PROMPT: Reproduce the closing run of lines below verbatim, from the line that contains "The Higher - Red Econyl Swimsuit" up to and including the final line.

....

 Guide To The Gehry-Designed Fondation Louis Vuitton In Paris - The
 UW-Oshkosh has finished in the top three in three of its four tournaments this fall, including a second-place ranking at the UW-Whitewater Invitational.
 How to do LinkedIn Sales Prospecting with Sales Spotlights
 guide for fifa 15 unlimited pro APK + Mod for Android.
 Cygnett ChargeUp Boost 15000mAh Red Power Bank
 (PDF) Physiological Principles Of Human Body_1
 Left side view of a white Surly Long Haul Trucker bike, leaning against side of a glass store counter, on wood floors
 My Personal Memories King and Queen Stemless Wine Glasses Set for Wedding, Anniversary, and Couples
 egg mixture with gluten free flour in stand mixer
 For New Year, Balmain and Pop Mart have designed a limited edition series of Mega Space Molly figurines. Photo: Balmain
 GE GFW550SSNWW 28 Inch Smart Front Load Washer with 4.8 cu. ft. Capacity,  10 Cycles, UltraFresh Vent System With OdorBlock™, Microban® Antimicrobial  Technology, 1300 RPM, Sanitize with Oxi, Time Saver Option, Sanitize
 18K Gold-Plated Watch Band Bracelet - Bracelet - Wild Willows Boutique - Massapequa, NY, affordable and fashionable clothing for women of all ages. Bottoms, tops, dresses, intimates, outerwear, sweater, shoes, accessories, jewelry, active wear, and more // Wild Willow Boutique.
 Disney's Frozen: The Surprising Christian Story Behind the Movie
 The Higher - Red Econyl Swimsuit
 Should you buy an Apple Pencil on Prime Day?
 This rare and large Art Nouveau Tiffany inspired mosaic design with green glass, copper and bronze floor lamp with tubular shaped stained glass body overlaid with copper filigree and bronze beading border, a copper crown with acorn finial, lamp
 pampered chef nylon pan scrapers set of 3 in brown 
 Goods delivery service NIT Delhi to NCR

....

WRITTEN SOLUTION:
 The Higher - Red Econyl Swimsuit
 Should you buy an Apple Pencil on Prime Day?
 This rare and large Art Nouveau Tiffany inspired mosaic design with green glass, copper and bronze floor lamp with tubular shaped stained glass body overlaid with copper filigree and bronze beading border, a copper crown with acorn finial, lamp
 pampered chef nylon pan scrapers set of 3 in brown 
 Goods delivery service NIT Delhi to NCR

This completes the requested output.